» **What this task involves**:
Return all of the data exactly as written, without the pictures.

» **Supplied information**:
┄┄┄┄┄┄┄┄┄┄

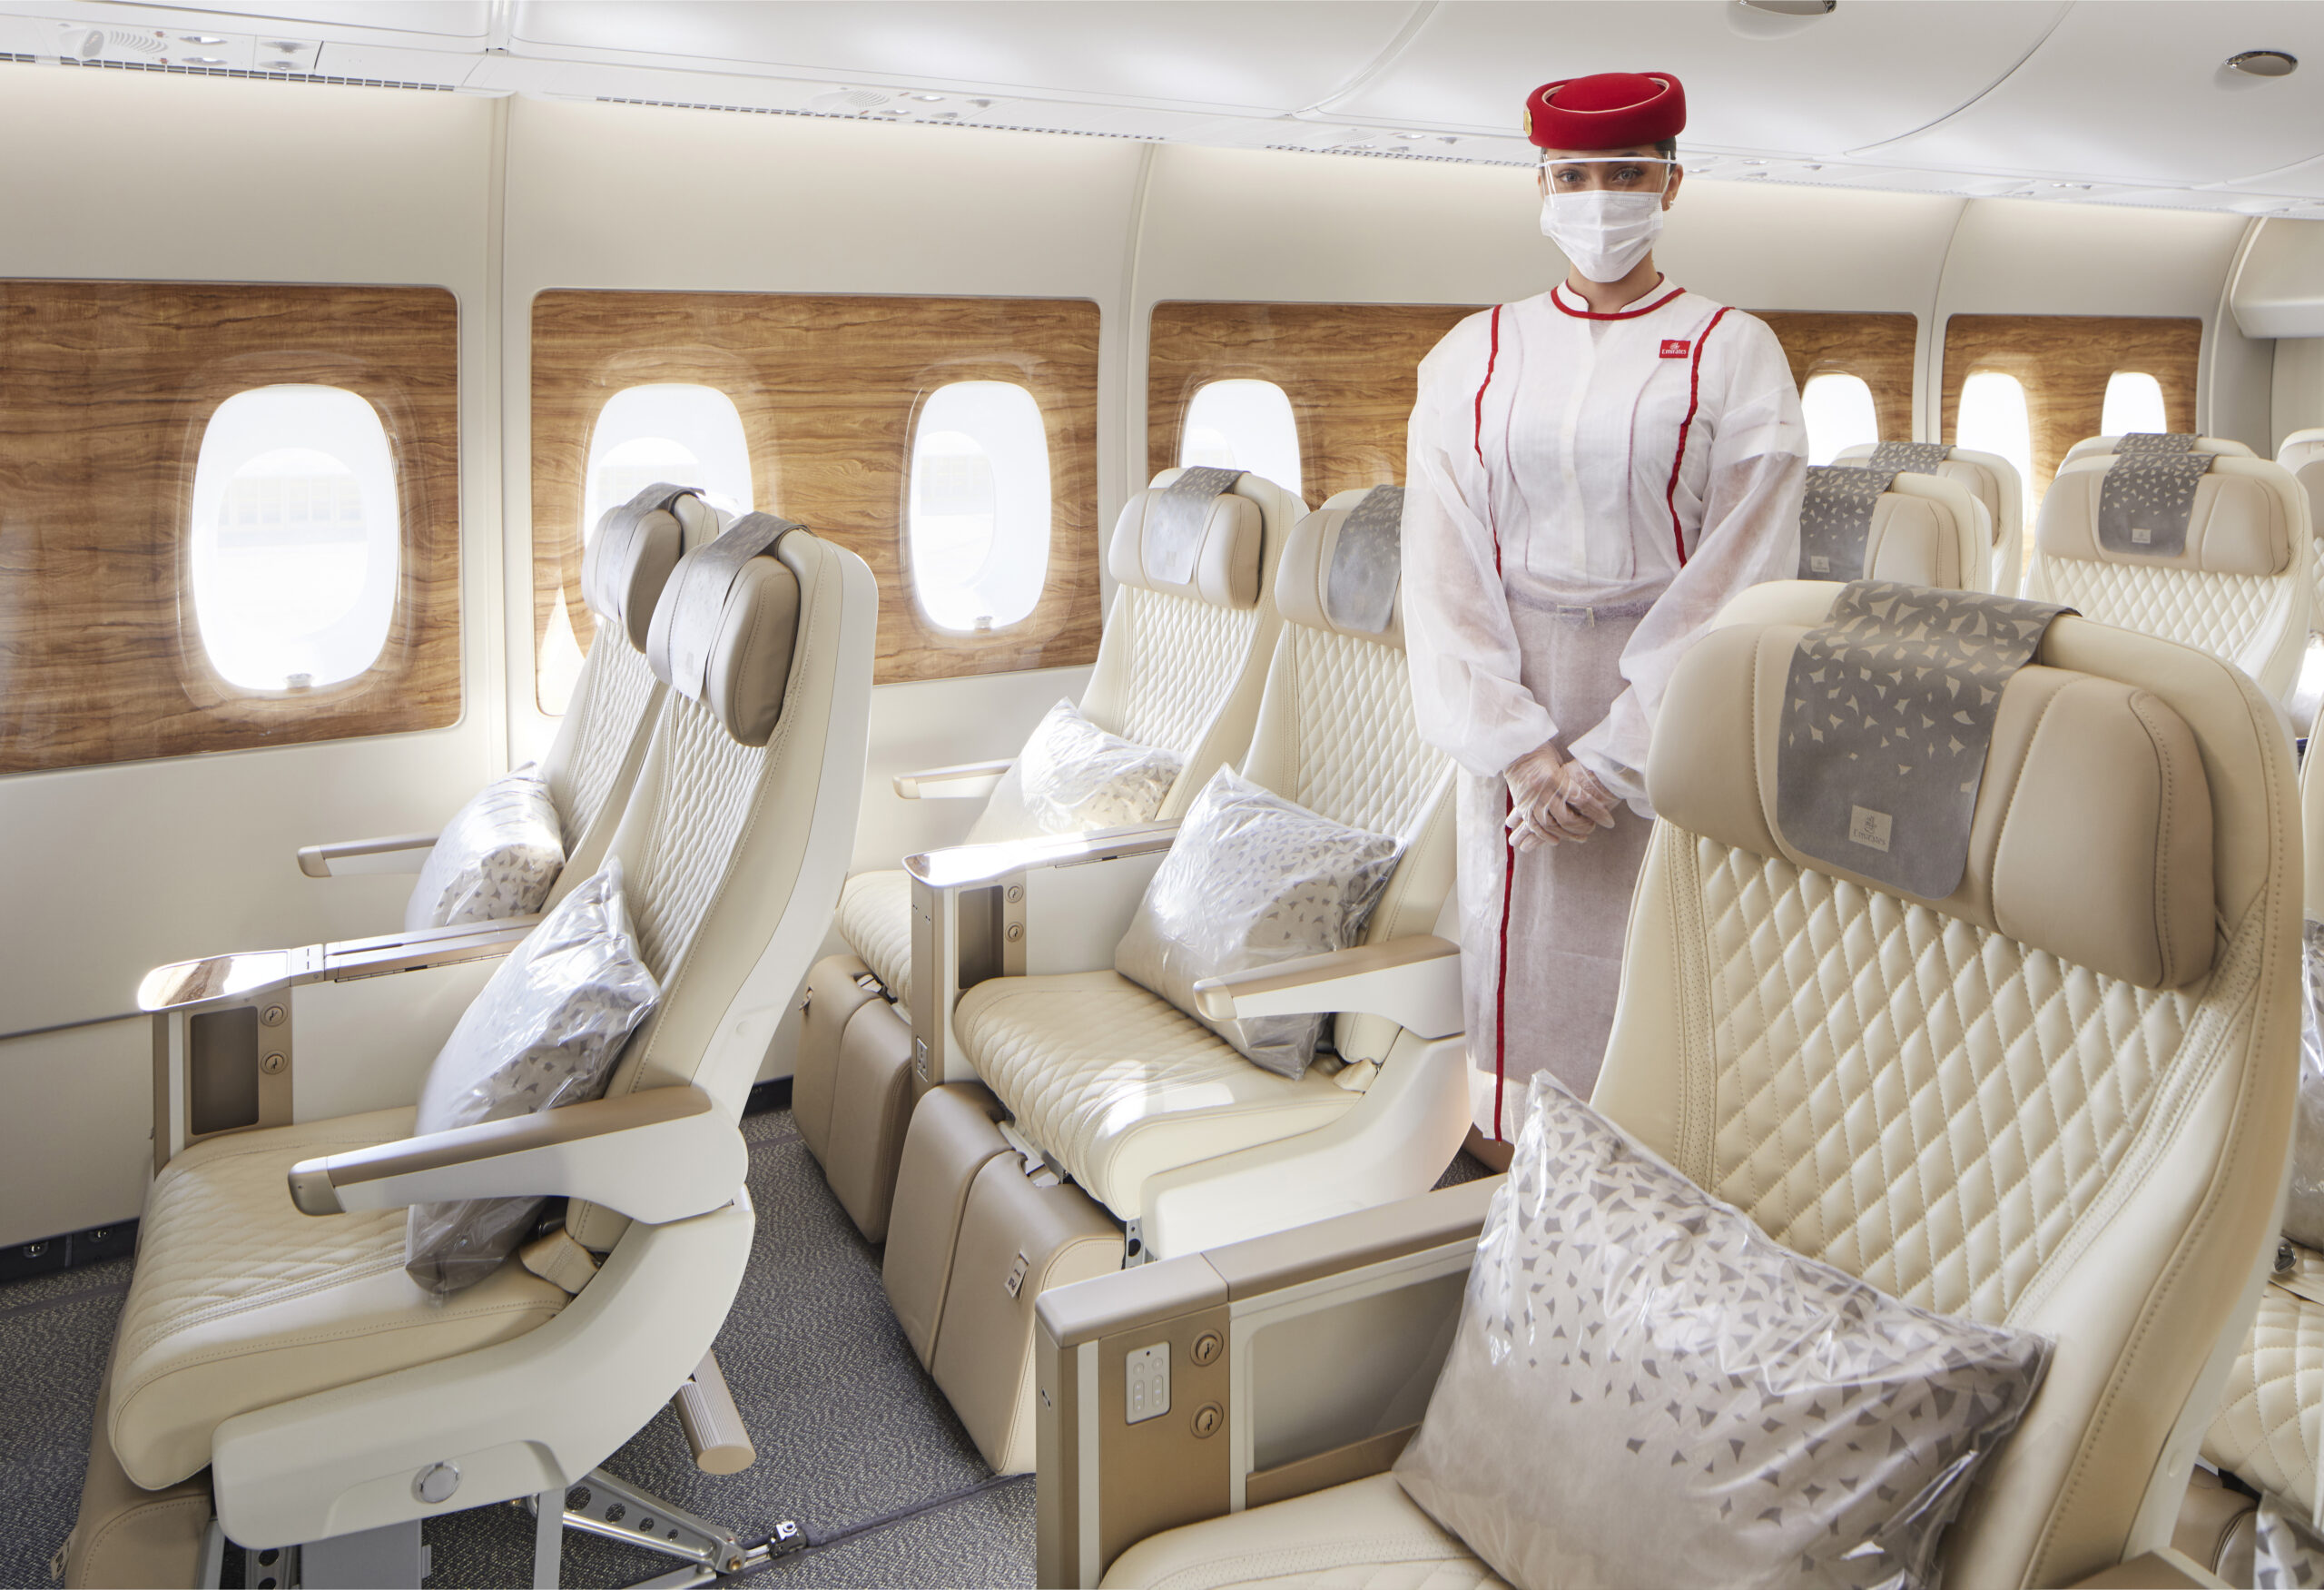 Emirates premium economy
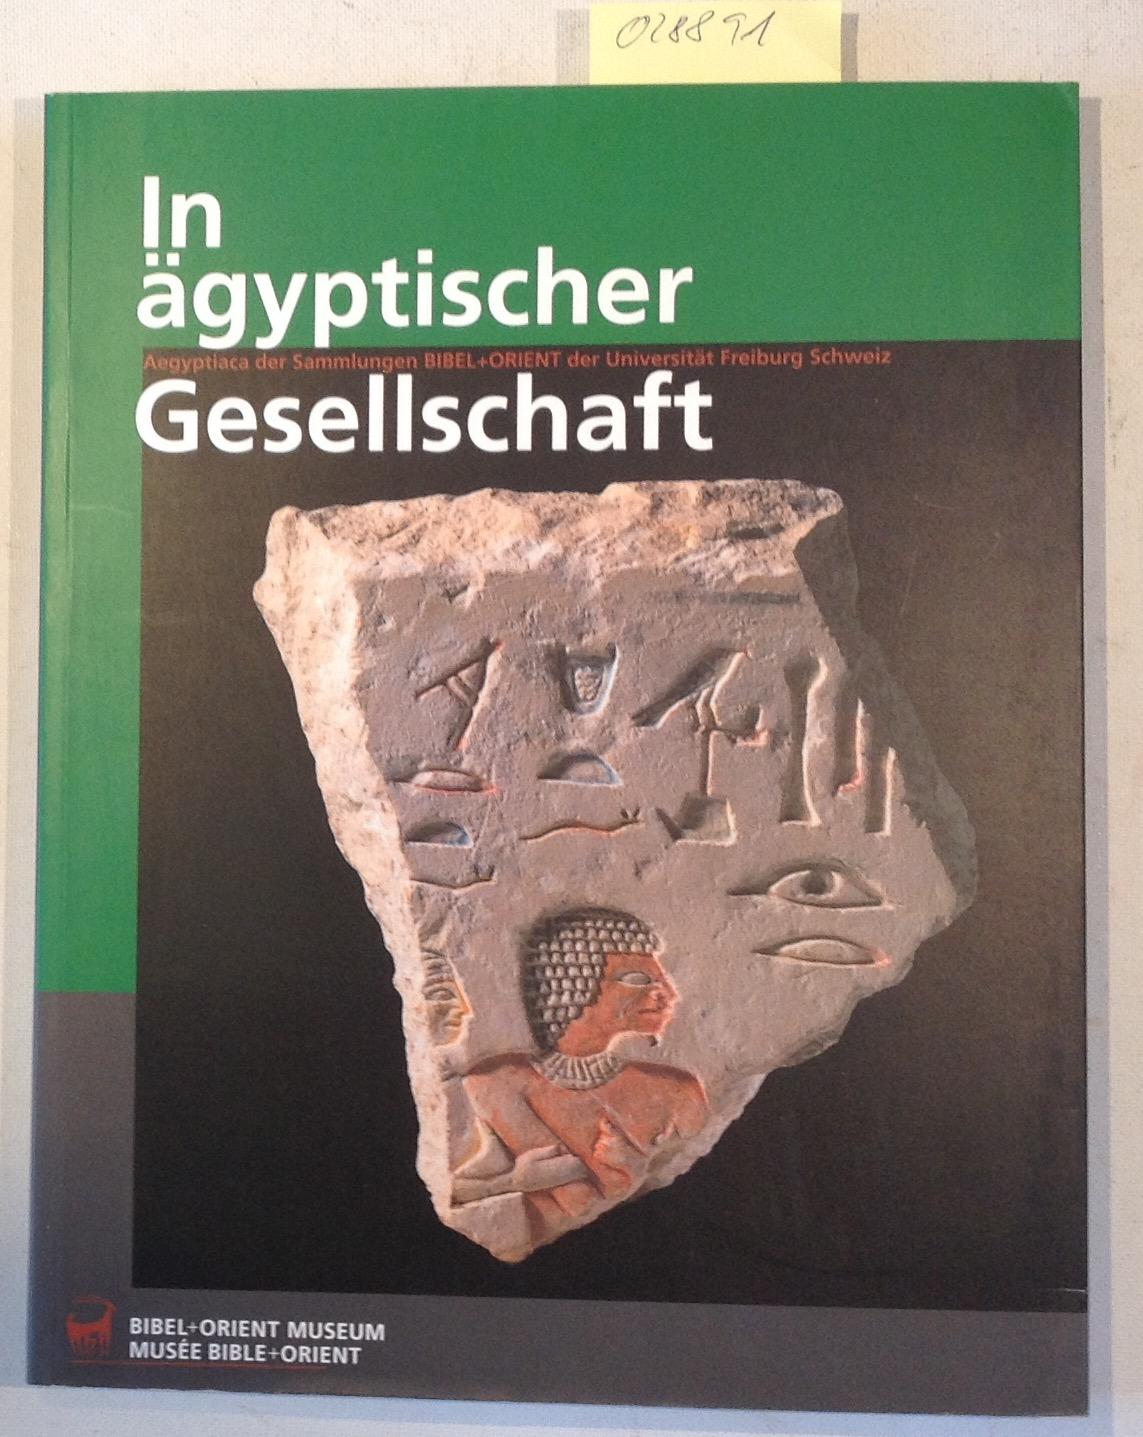 In ägyptischer Gesellschaft: Aegyptica der Sammlungen BIBEL + ORIENT an der Universität Freiburg Schweiz
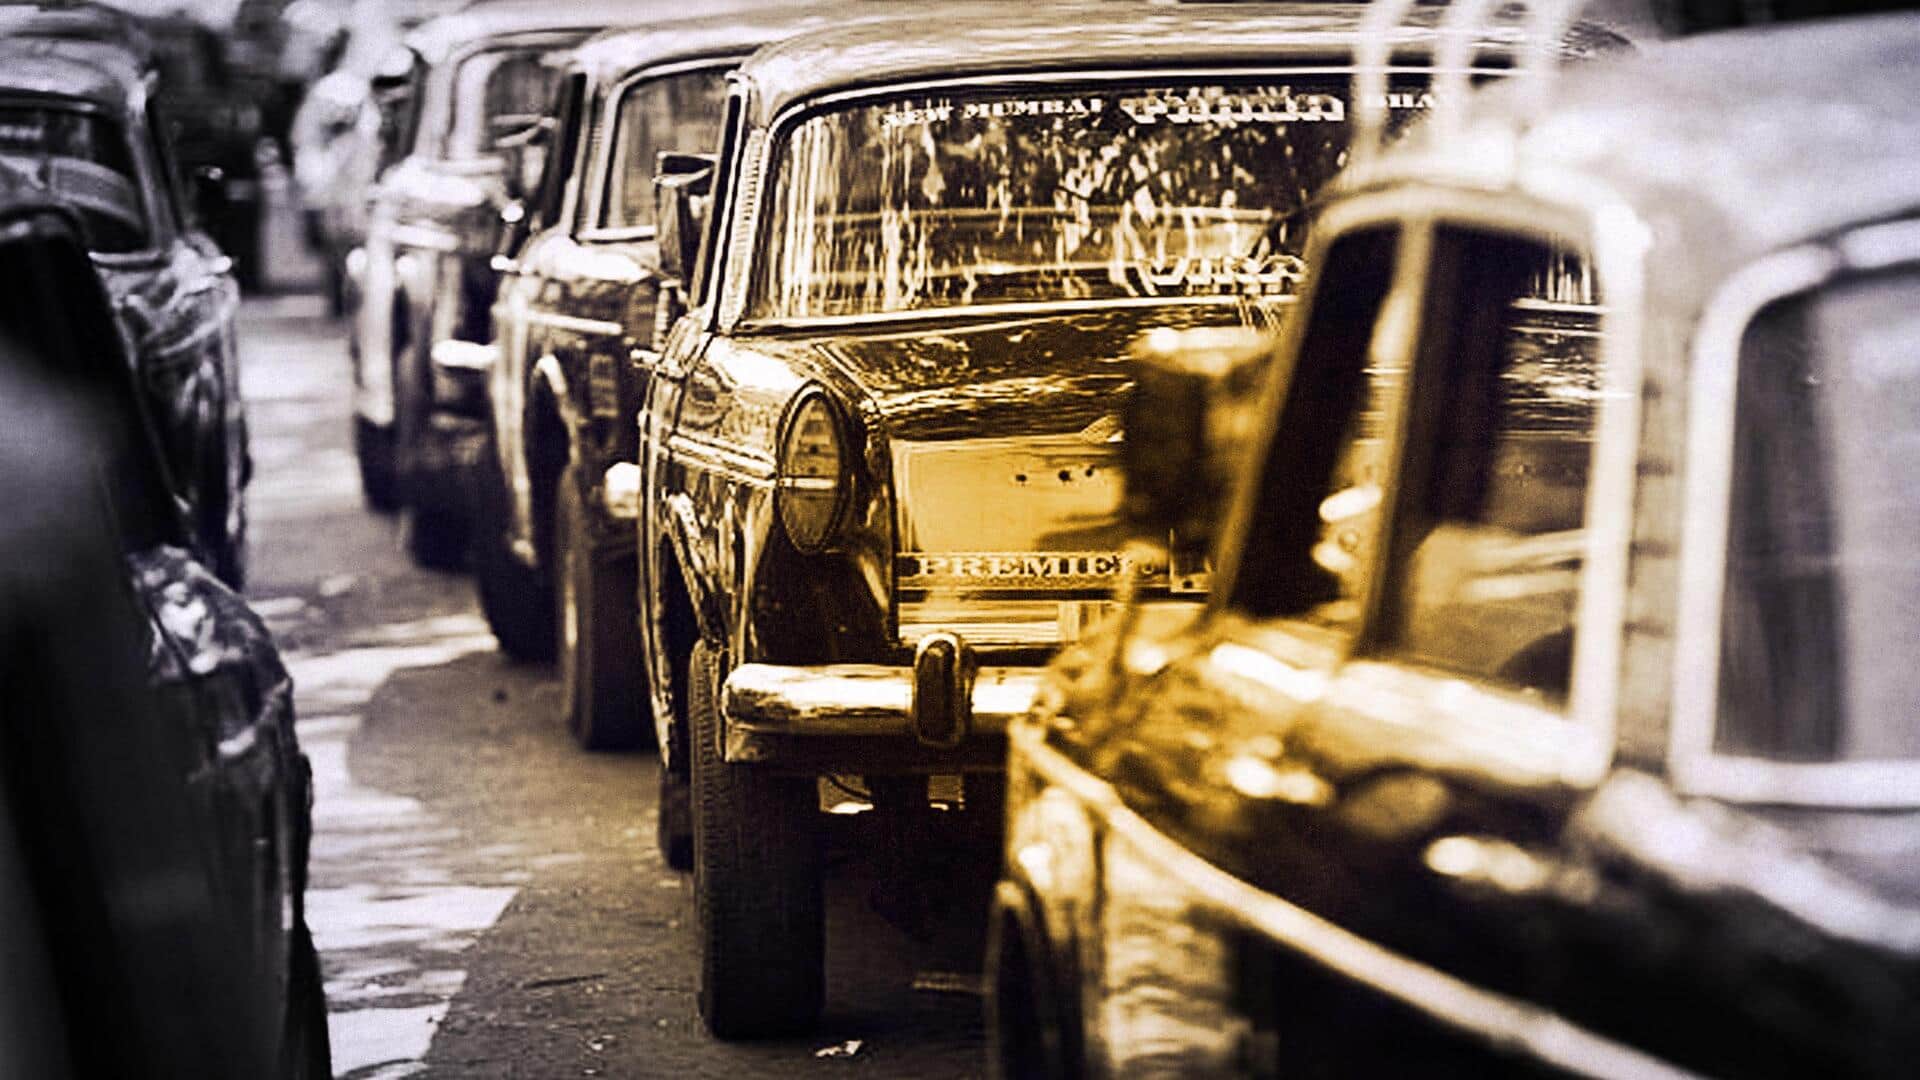 मुंबई की सड़कों पर अब नहीं दिखेगी काली-पीली टैक्सी, जानें अहम बातें

┄┄┄┄┄┄┄┄┄┄

» **Solution for this exercise**:
 Emirates premium economy
 In ägyptischer Gesellschaft: Aegyptica der Sammlungen BIBEL + ORIENT an der Universität Freiburg Schweiz
 मुंबई की सड़कों पर अब नहीं दिखेगी काली-पीली टैक्सी, जानें अहम बातें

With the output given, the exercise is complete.